Mustard Ice Cream
Ingredients for 4
- 250 ml milk
- 125 ml whipped cream
- 2 egg yolk
- 2 tsp honey
- 125 g Sweet Delight mustard
- 50 g Bonnie Wholegrain mustard
- 1 tsp Tabasco
- 1 tsp sweet chili sauce
- Salt, Pepper
Bring the milk, cream and honey to boil. Place the egg yolk in a bowl. Gradually add one third of the non-boiling honey-milk with stirring for temperature equalization. Then stir the egg mixture into the milk. Prepare a hot water bath and stir the mass constantly until it becomes thick. Be aware that the mass not boil. Otherwise, the egg yolk will clot. Whipping zabaglione every day saves you the gym and tightens the upper arms. :-)

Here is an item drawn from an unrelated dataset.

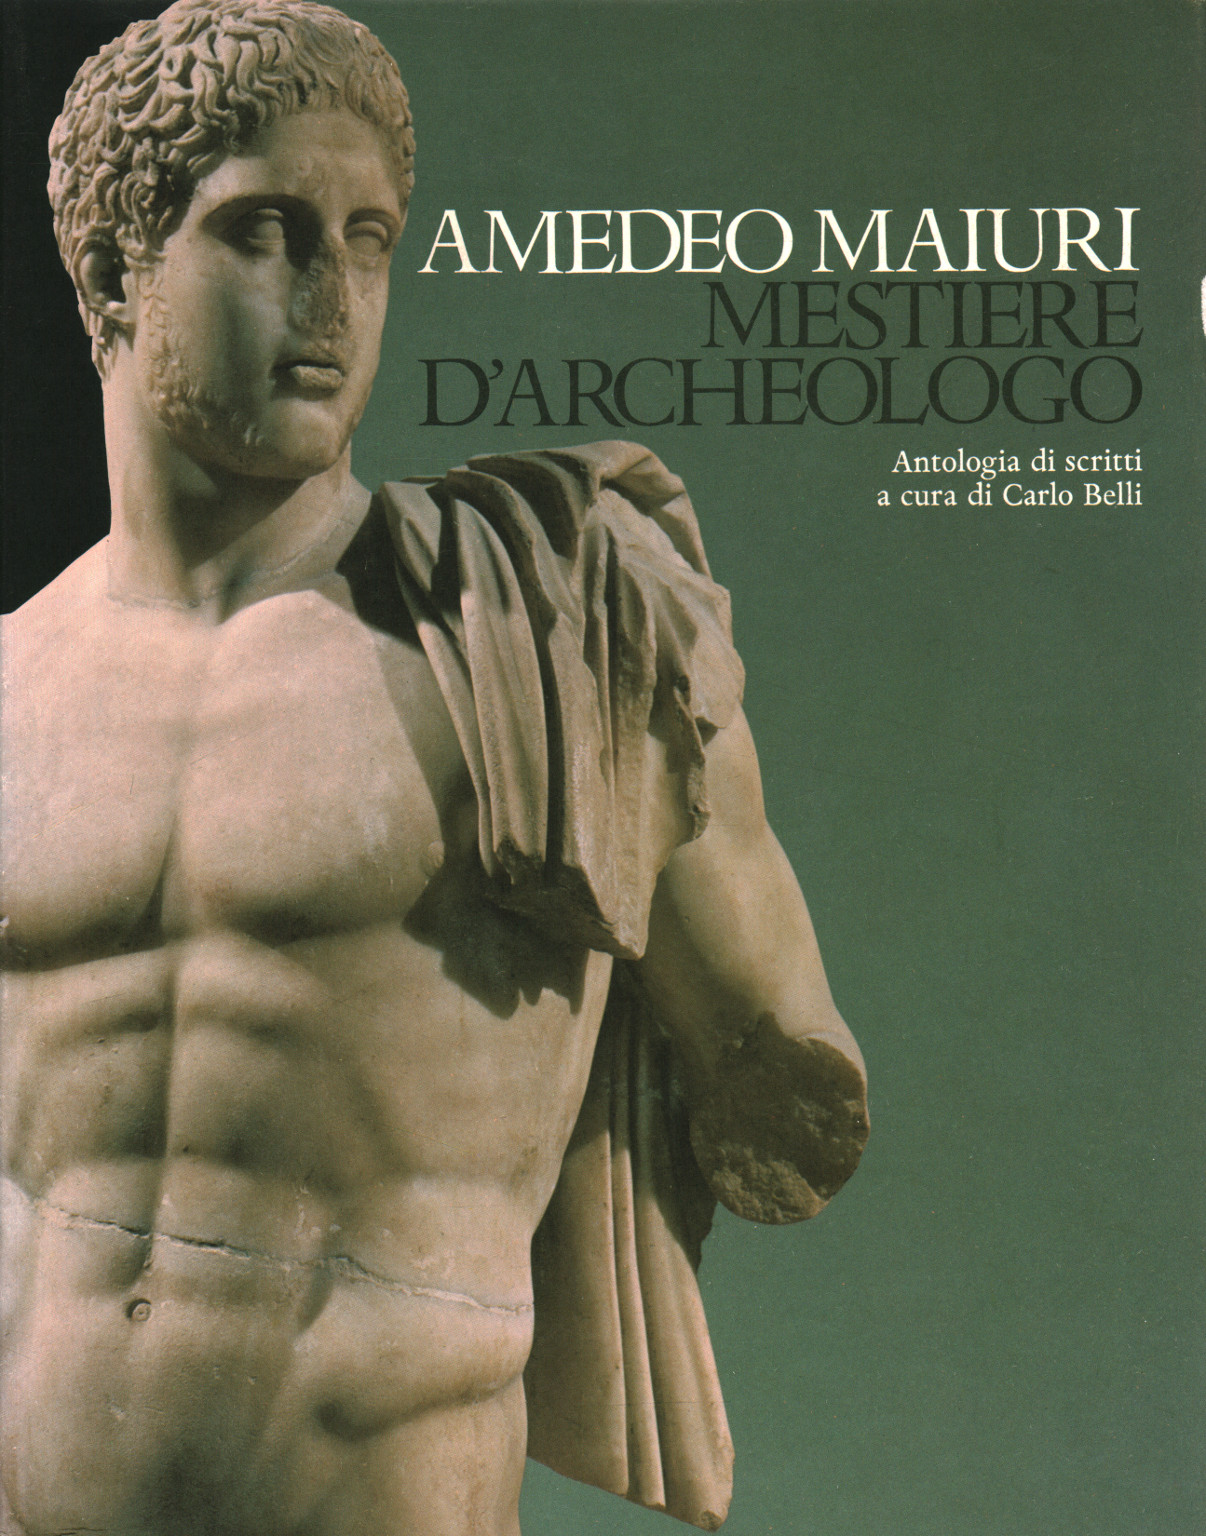 Amedeo Maiuri Archaeological profession

Cool the mass in a cold water bath. Mix mustard, tabasco, chili sauce, salt and pepper in a separate bowl and mix it with the cream. Fill into the ice machine and allow to freeze.
Without an ice maker pour the prepared cream into a large bowl with lid and place in the freezer. Stir thoroughly until the frozen mixture has mixed with the liquid mass. Put it back in the freezer and repeat the process two or three times until the ice cream is creamy. Depending on the type and quantity, this can take three to four hours.
Serve immediately or fill in an airtight form, cover with parchment and freeze maximum three or four days.
Mustard ice cream excellently tastes great with boiled beef as well as starters such as vegetable puff pastry roll and proscuitto crudo. or as a palate cleaner between the courses.